Pagi itu, kelana berembun pagi menghujani Kota Jasa. Sejuk di lapangan merdeka membuat mata lebih segar, udara pagi dikawasan ini memang tak karuan sedapnya. Namun, tak sedap di pandang hanyalah sampah.
Untung sigapnya pasukan Orange sedang sapu-menyapu, mengutipi sampah-sampah yang berserakan diatas keramik yang nan luasnya.
Tiang putih menjulang tinggi tak elok ketika bendera Merah Putih tak berkibar, tapi berkibarnya bendera itu hanya ada di 17 Agustus saja.
Sepulangnya dan sesampainya diatas teras rumah, aku mendapat kabar bahwa Syaridin akan berkeliling Kota Langsa membesuk sejumlah warganya.
Padahal, Syaridin pernah berjanji akan membesuk warganya jauh-jauh hari denganku. Padahal, rasanya aku ingin sesekali memboncengnya keliling Kota Langsa dengan motor Scoopy-ku menunjukkan mana saja yang perlu Ia benahi dan perlu ia perbaiki.
"Tapi aku inikan cuma warga biasa, tak ada urusan pula sosok nomor satu berbonceng denganku," ujarku dalam hati.
Tapi demikian, senangnya aku mendengar kabar bahwa ternyata Syaridin merupakan pelita bagi warga Kota Jasa.
"Bang..ikut ya..kita ke Langsa Timur," ujar narasumber itu kepadaku via telepon.

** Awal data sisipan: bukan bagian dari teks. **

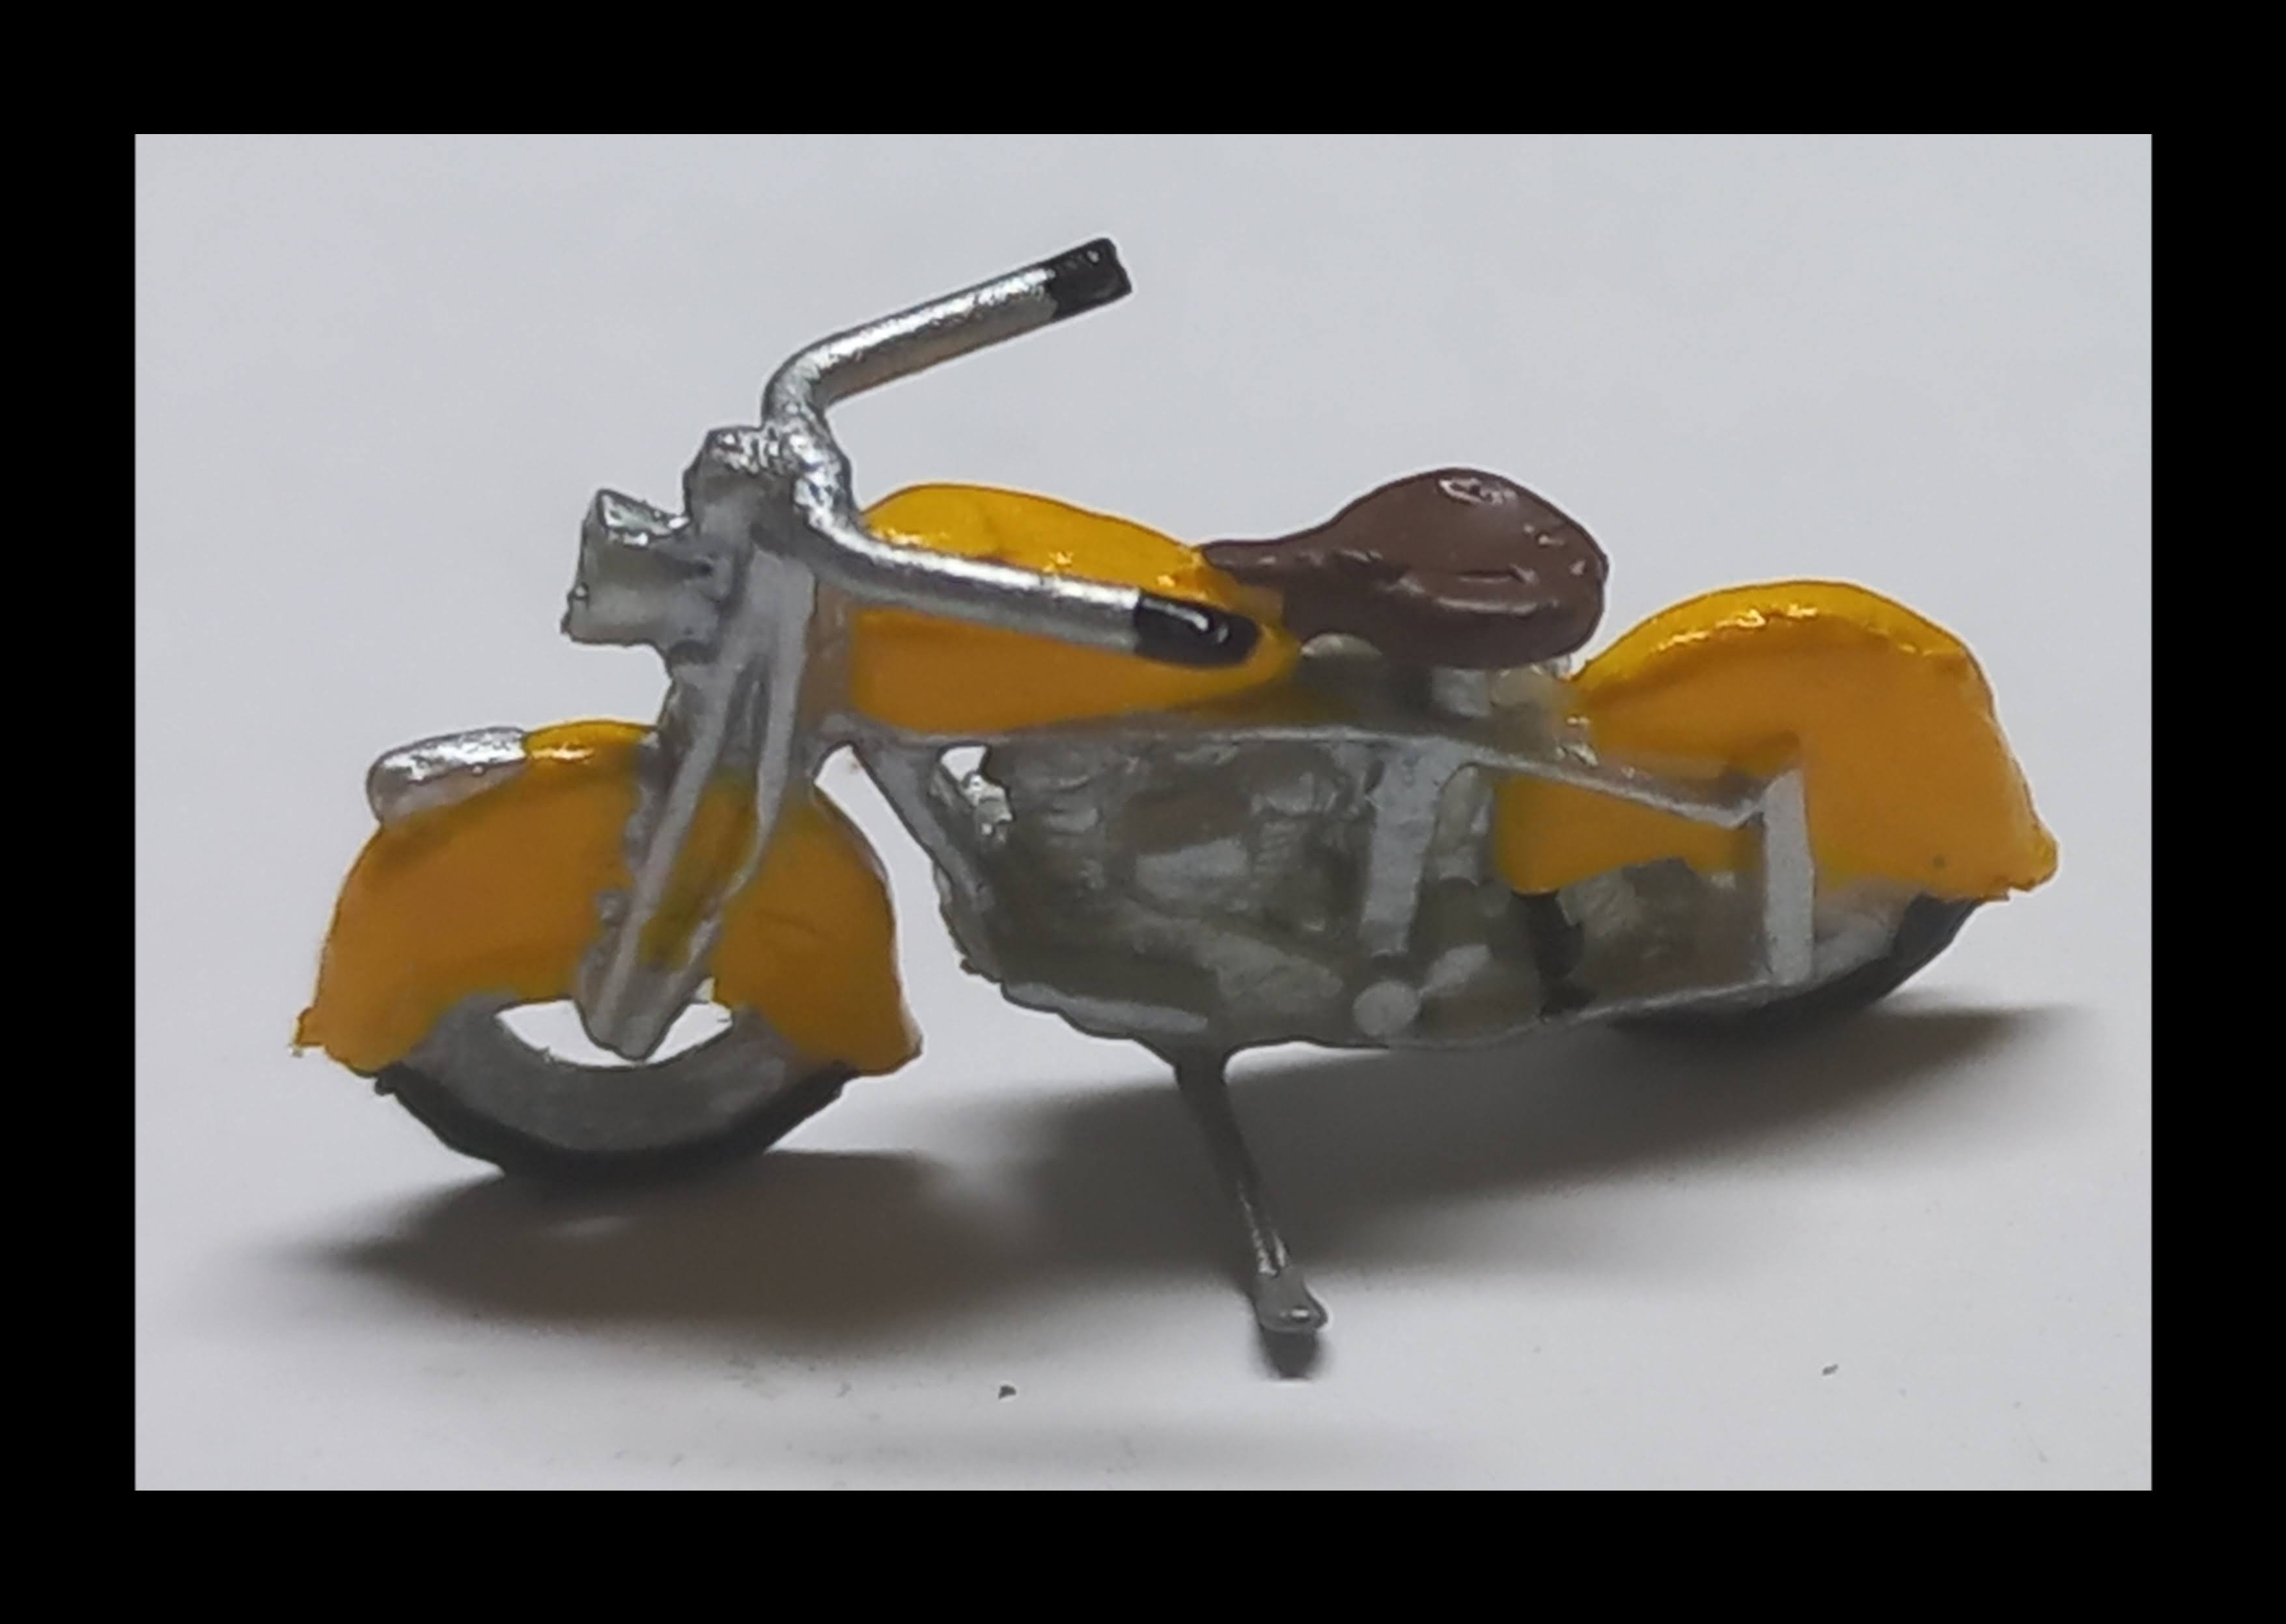 Motocicleta anos 40 Amarelo Nº 0009 - HO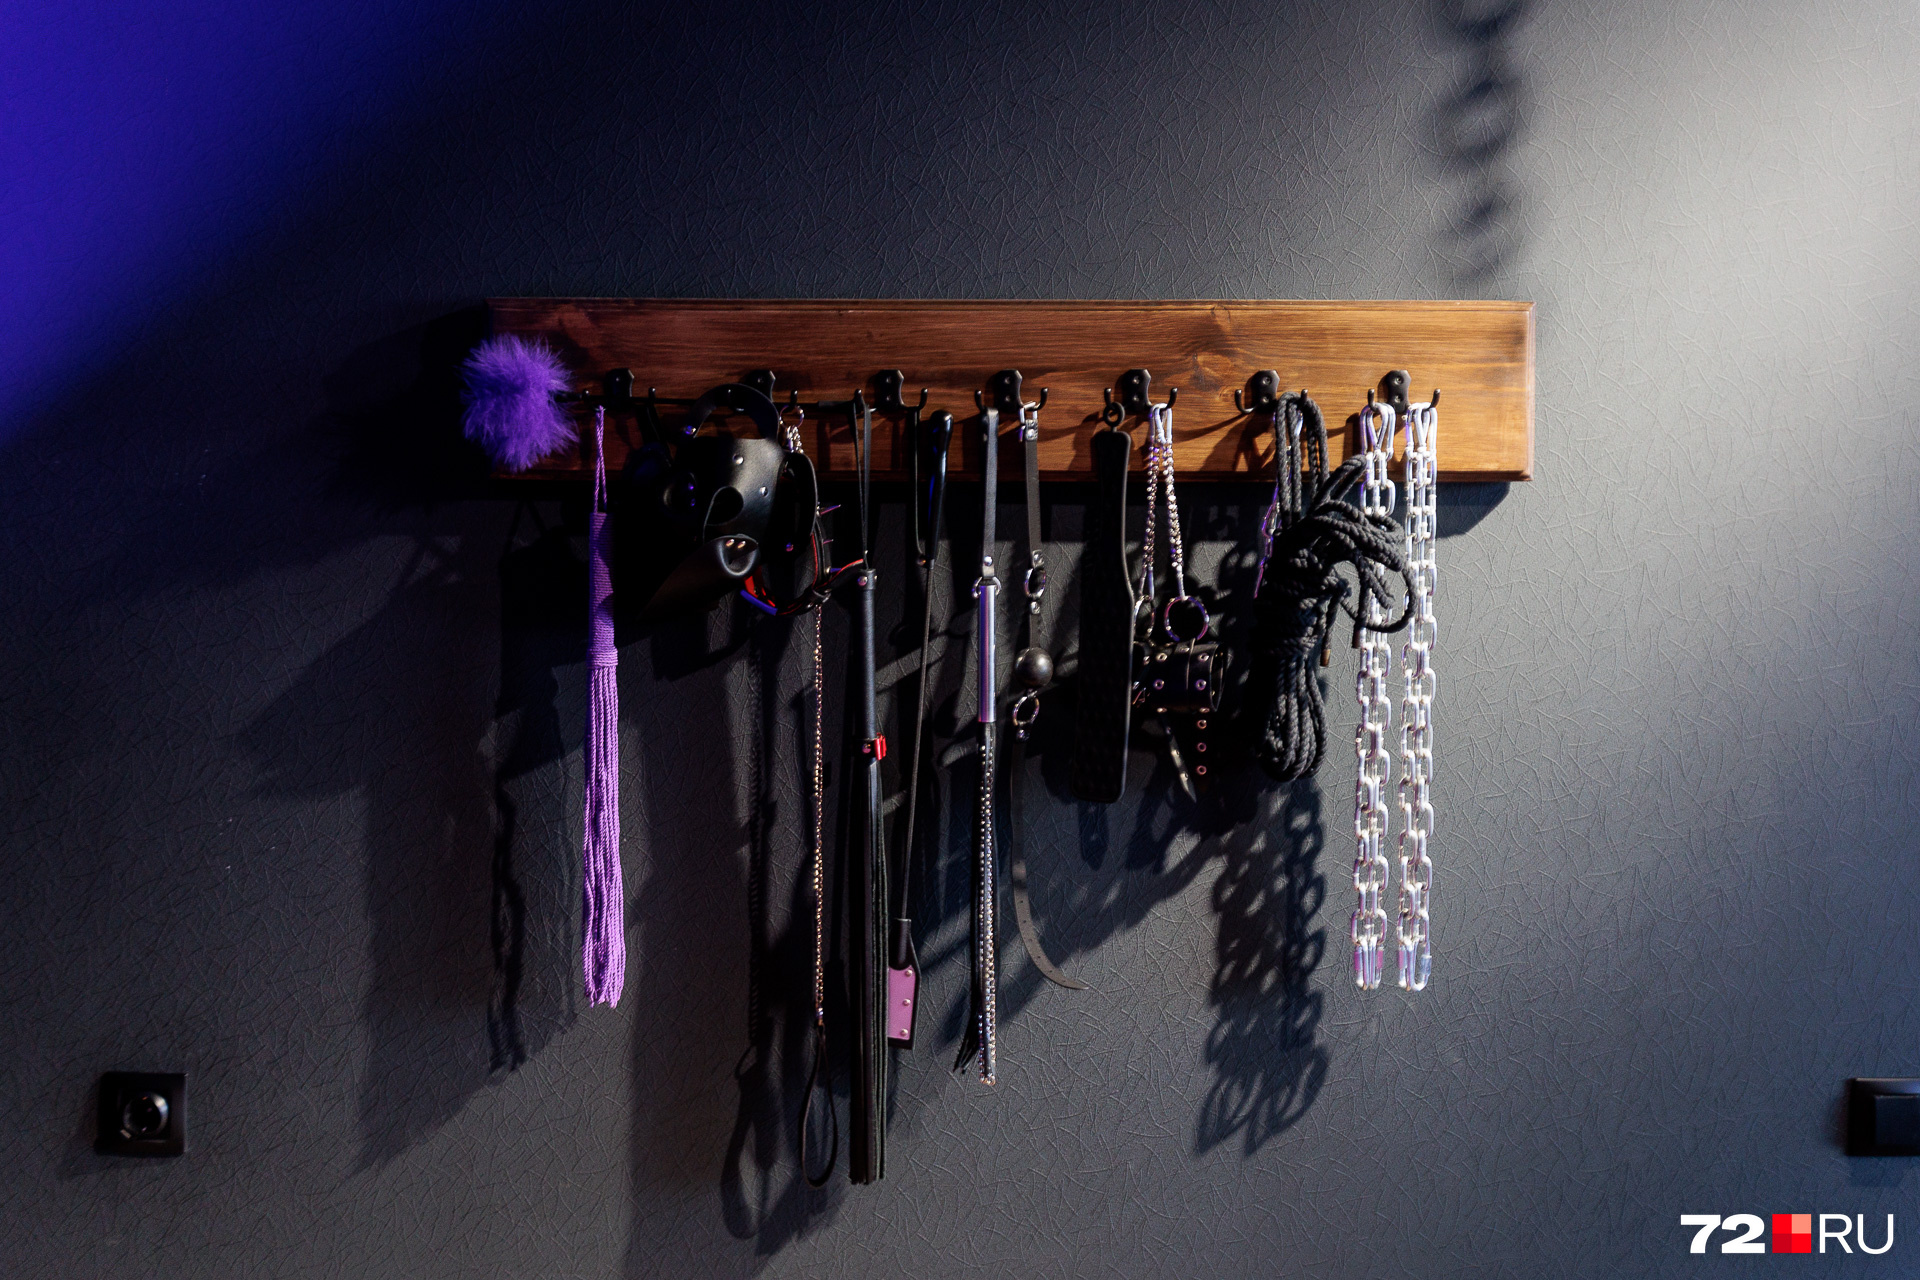 Из сексуальных атрибутов здесь есть наручники, кляпы, веревки, цепи, кисточки и плети. Всё это можно использовать для фото и не только

Telepon itu memang sebuah panggilan, tapi rasaku tidak perlu ada aku disana. Penolakan itu kujawab "Salam ya dengan Bapak, sampaikan sehat-sehat selalu," ucapku dengan lembut.
Usai itu, aku bergegas mandi dan mulai melirik gawai hanya untuk mencari bahan-bahan materi untuk seminggu kedepannya.